“Don’t Bother Anybody”
Is “don’t bother anybody” an unconstitutional term of probation? I was browsing the unpublished cases out of the Sixth District Court of Appeal a while back (because I had nothing better to do) and came across an opinion reversing a probation order made by a judge I used to appear in front of regularly in a county that I won’t name but that I would describe as a sleepy coastal community located on the Monterey Bay and that isn’t the county of Monterey. Here’s some background information on the case:
After a defendant in a vandalism case (I think it was vandalism) admitted a probation violation, the trial court added a new condition: "Don't bother anybody." Defendant objected and the court responded that "[h]e's not to bother anybody. Don't bother anybody. That's my order." The defendant objected that this requirement was overbroad, but the condition "[d]on't bother anybody" was included in the probation order.
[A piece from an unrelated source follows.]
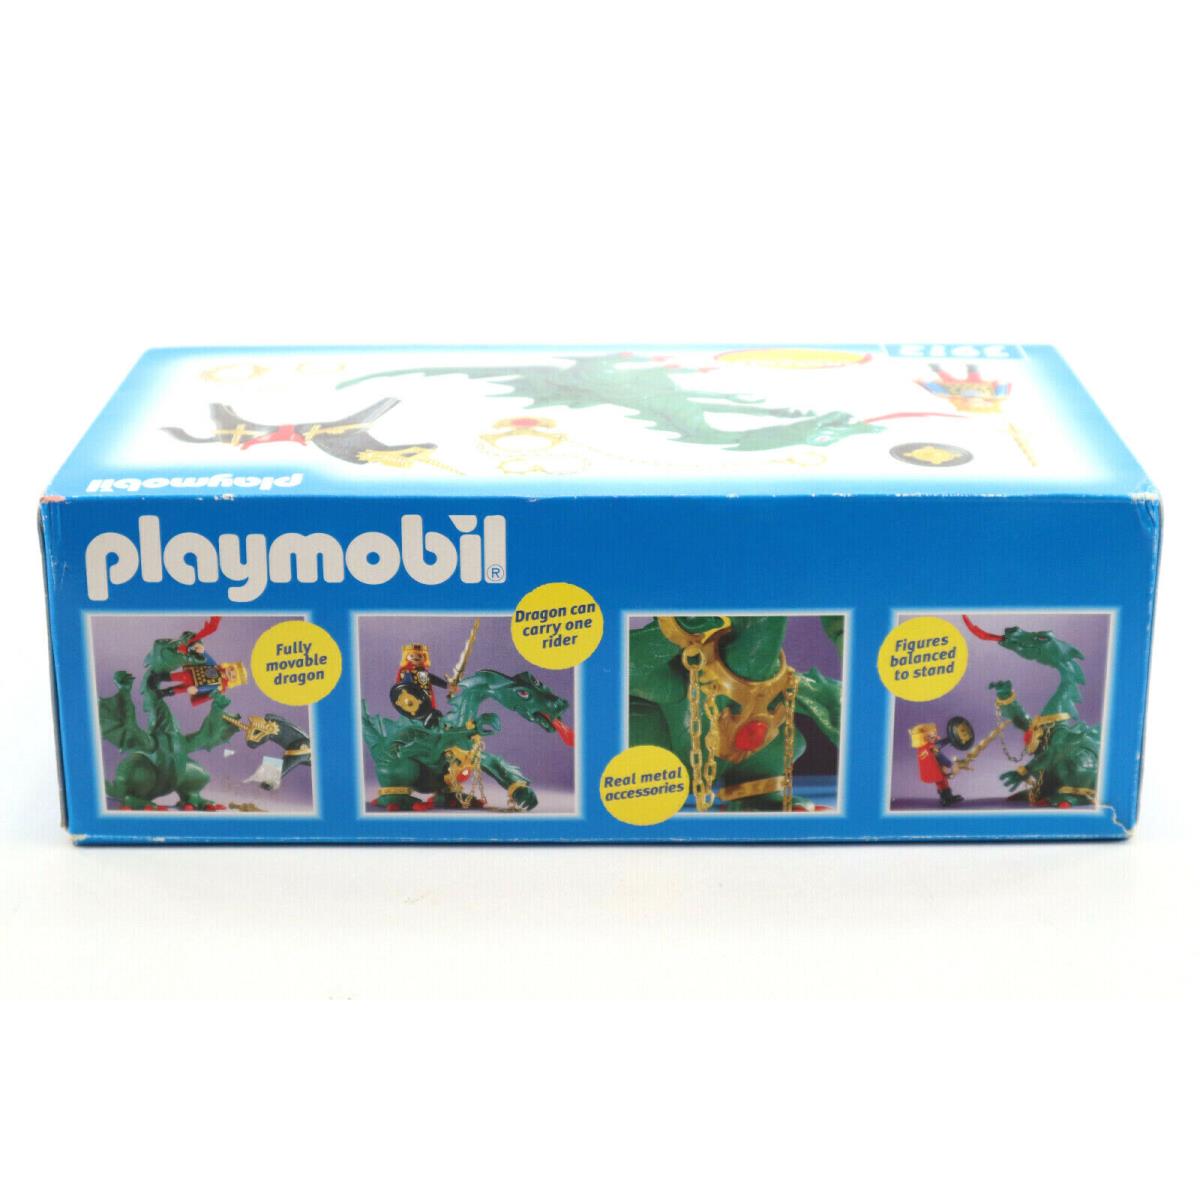 Playmobil toy

The defendant then appealed. I thought it was funny that the judge doubled-down and had the condition written onto the probation order - I enjoy stuff like that.
In an unpublished memorandum opinion, the appellate court reversed the probation term, stating that "[t]o withstand a constitutional challenge on grounds of vagueness, a probation condition must be sufficiently definite to inform the probationer what conduct is required or prohibited, and to enable the court to determine whether the probationer has violated the condition." (People v. Hall (2017) 2 Cal.5th 494, 500, 213 Cal. Rptr. 3d 561, 388 P.3d 794; see also In re Sheena K. (2007) 40 Cal.4th 875, 890, 55 Cal. Rptr. 3d 716, 153 P.3d 282 (Sheena K.).) The purpose of the vagueness requirement is to ensure "fair warning," which "'prevent[s] arbitrary law enforcement'" as well as "'providing adequate notice to potential offenders.'" (Sheena K., at p. 890.)
So does “don’t bother anybody” as a probation term withstand constitutional scrutiny? No, final answer.